Output, word for word, each line from the one with "Tax News and Industry Updates" through the end of the listing below, excluding every picture.

(SUPPLIED INFORMATION)
==============================
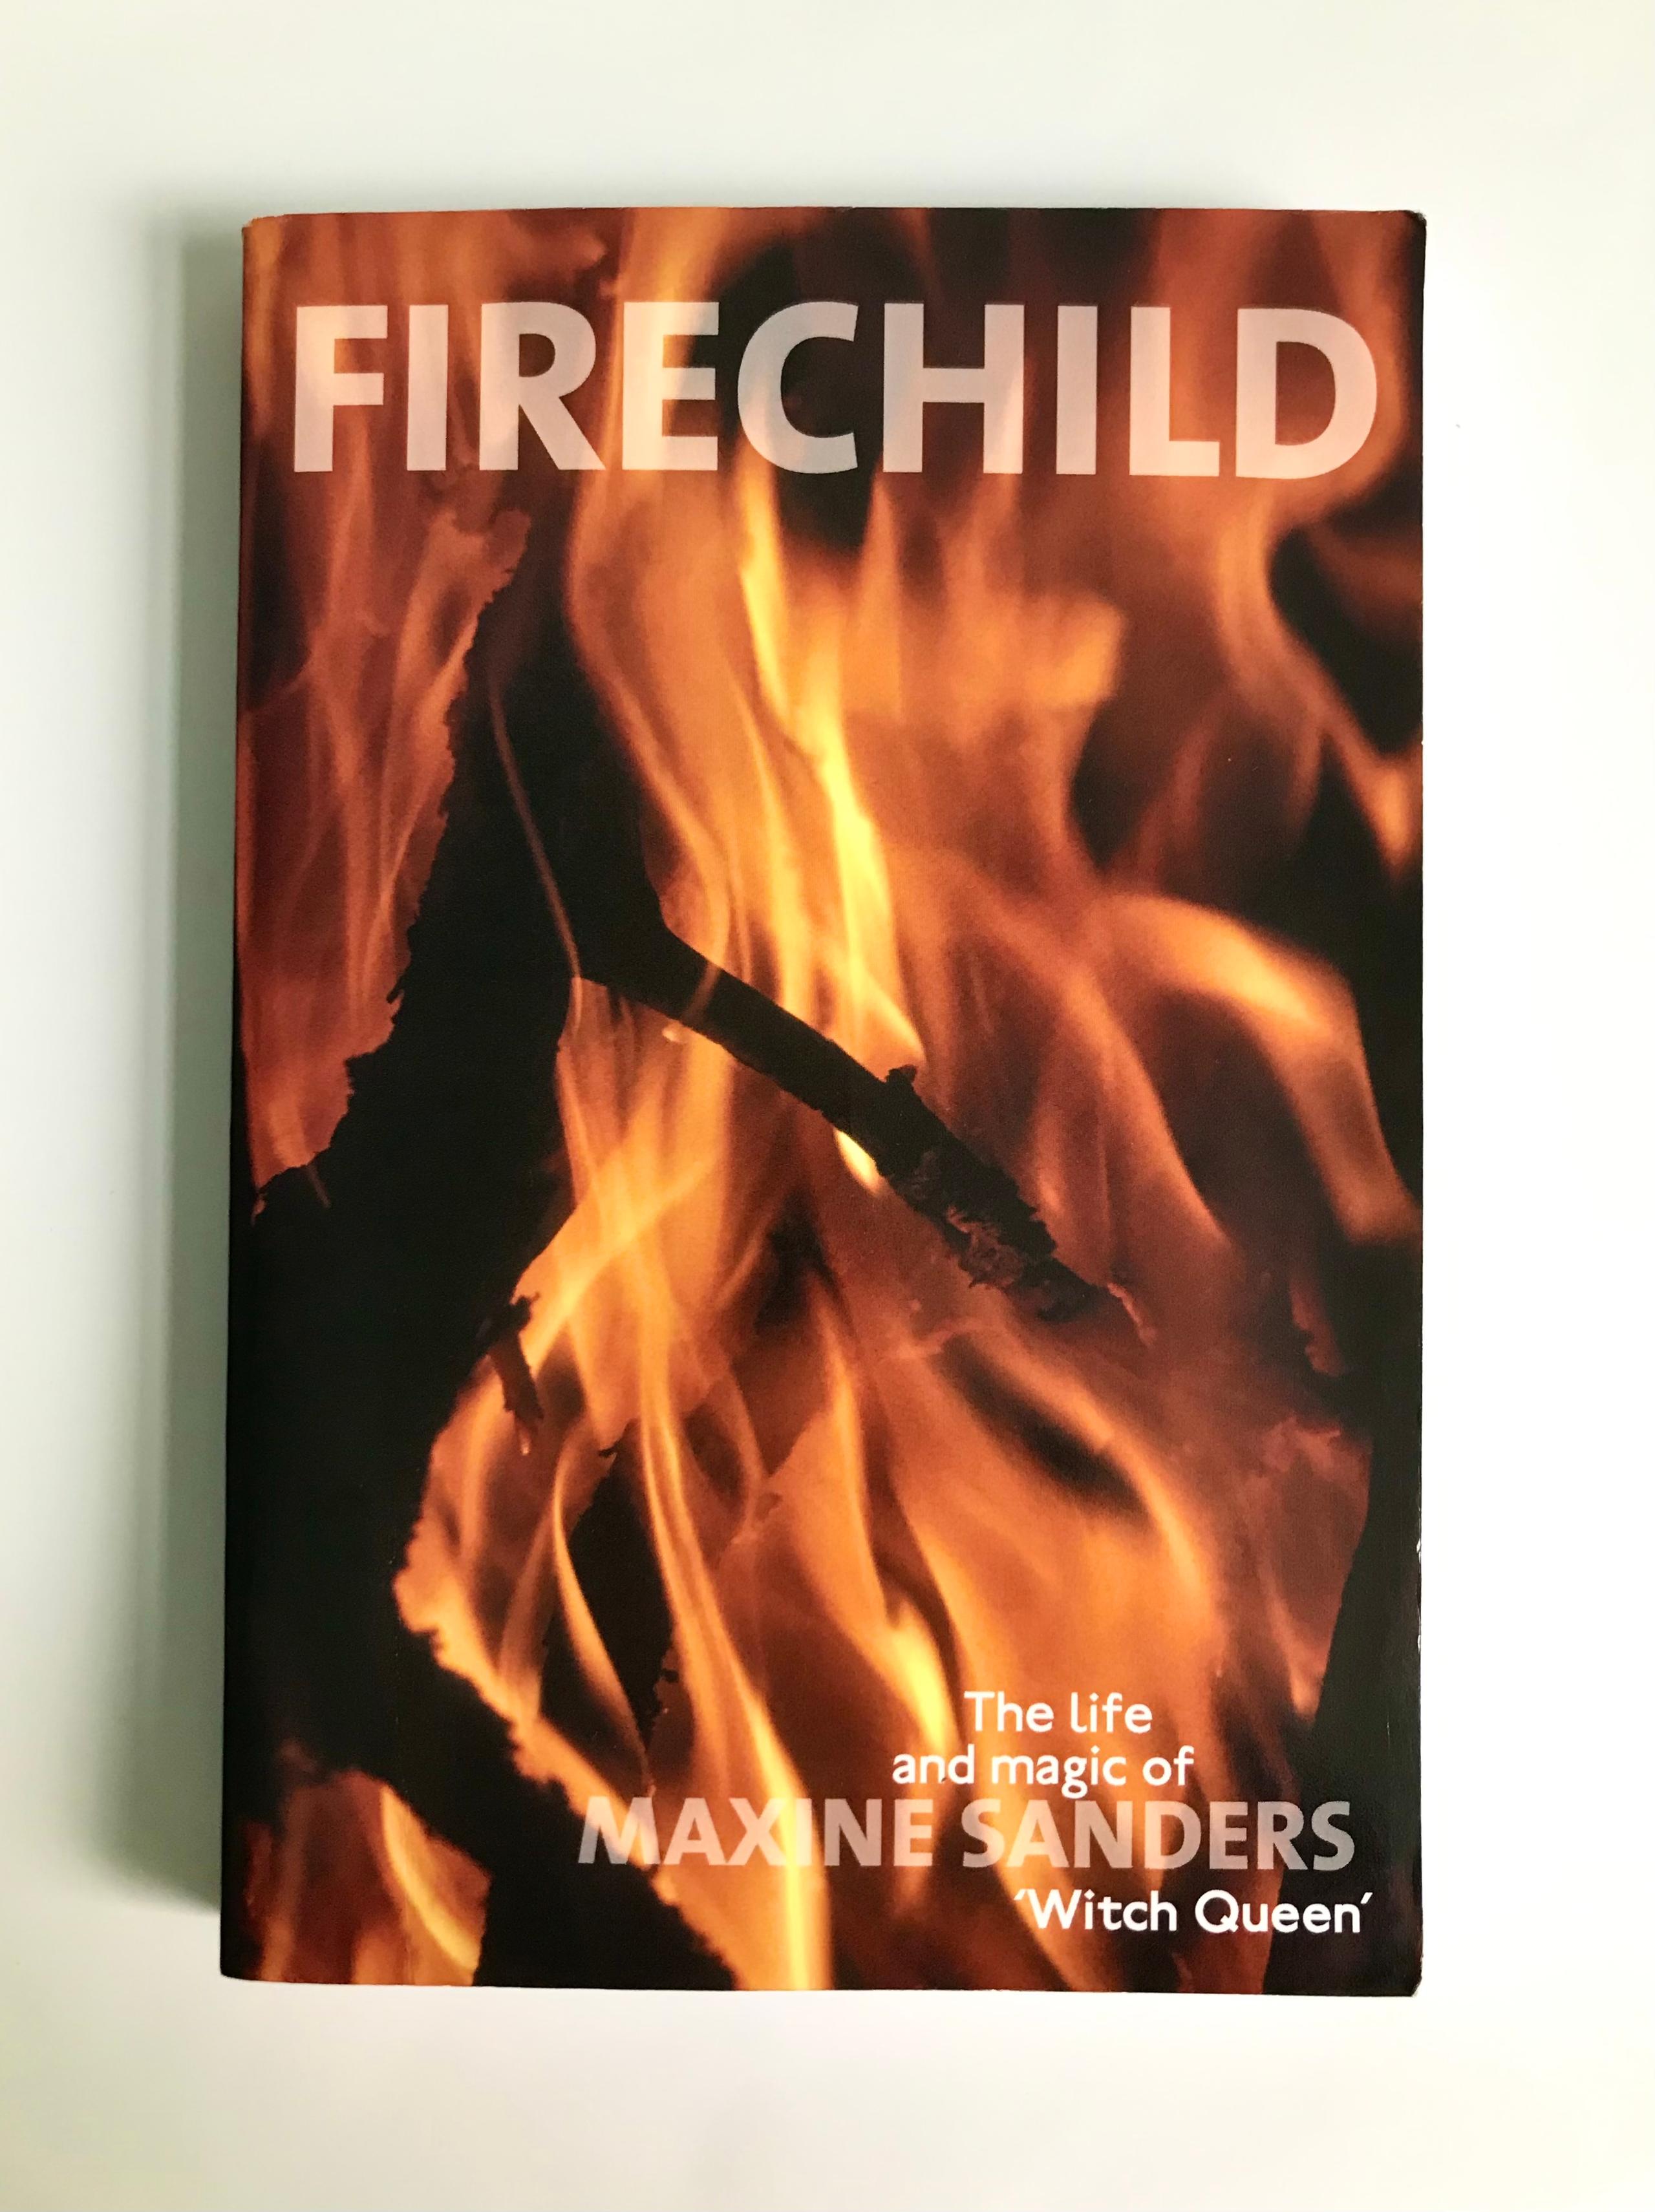 Fire Child: The Life and Magic of Maxine Sanders 'Witch Queen'
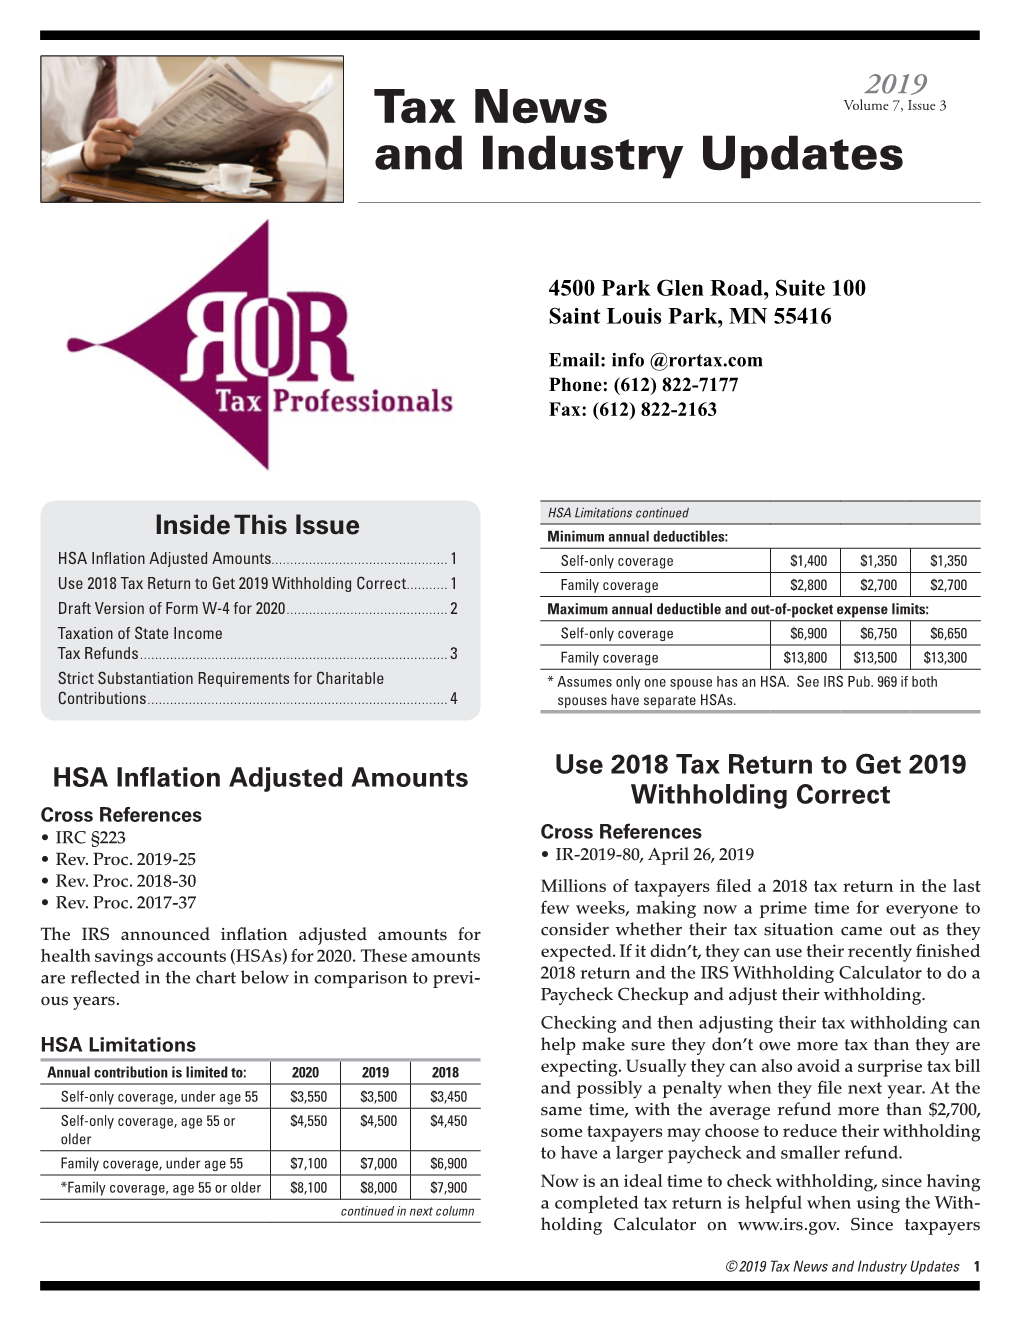 Tax News and Industry Updates
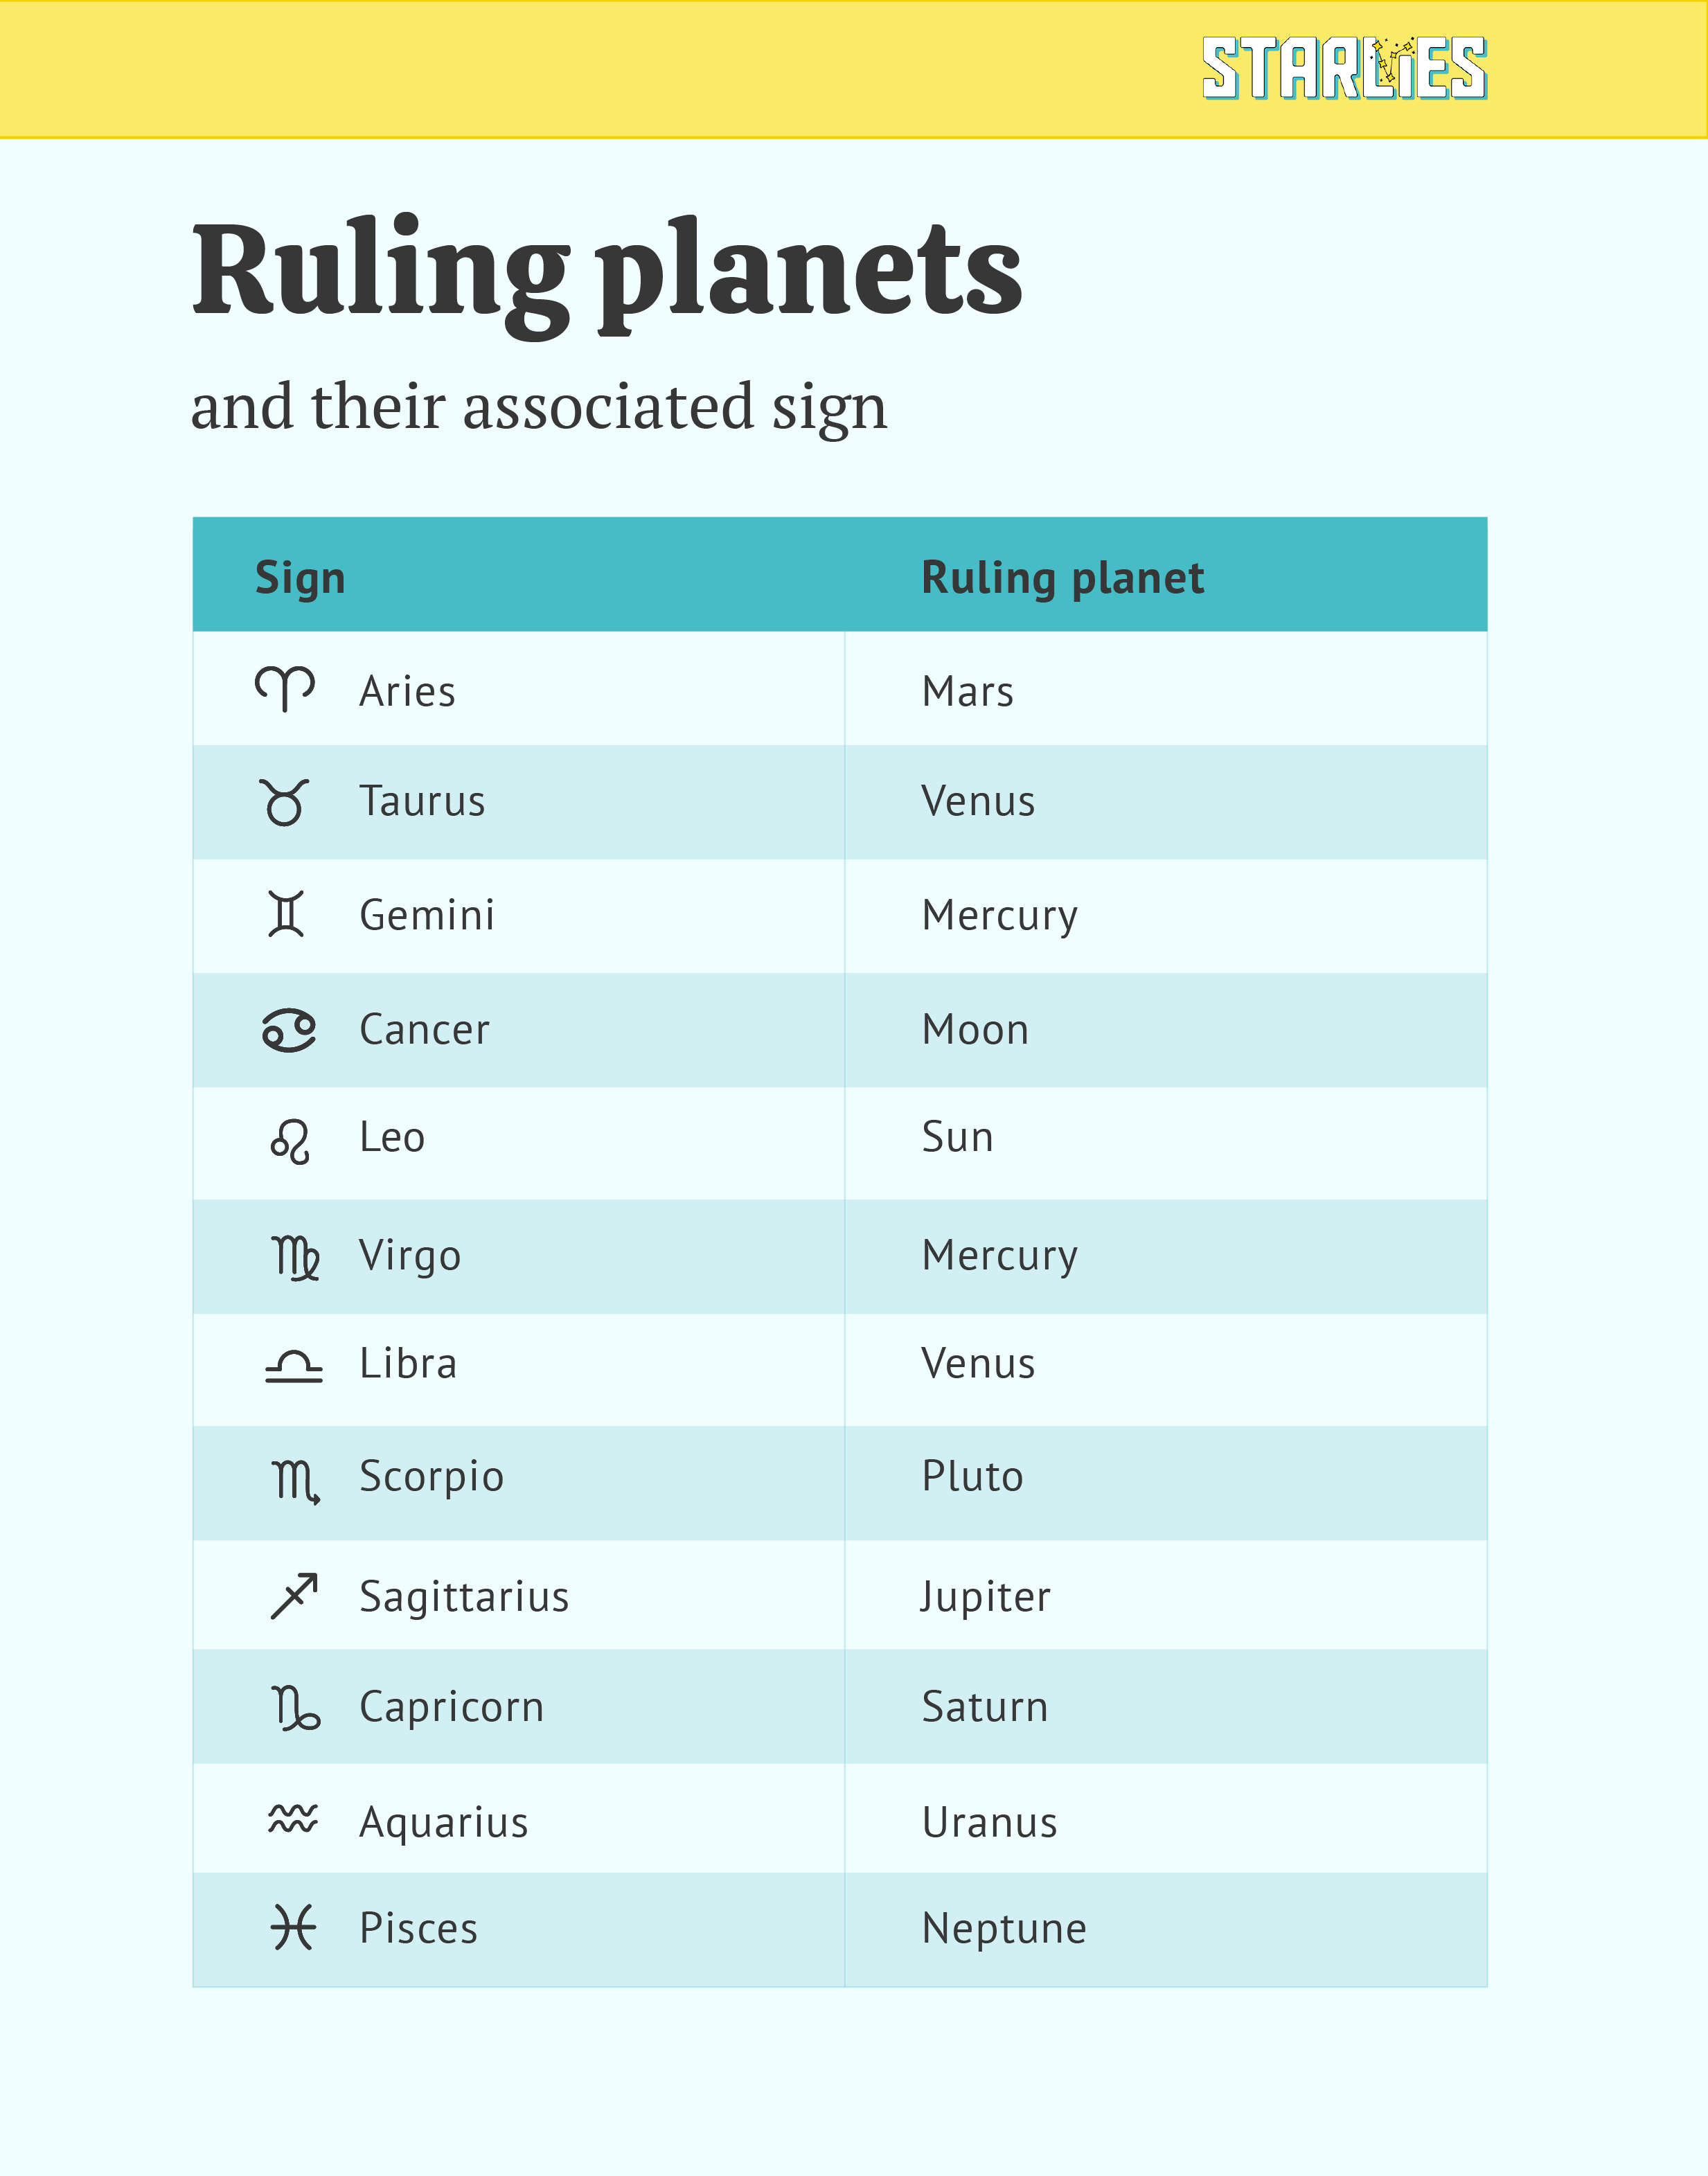 Chart of signs and ruling planets
==============================
(RESULT)
 Tax News and Industry Updates
 Chart of signs and ruling planets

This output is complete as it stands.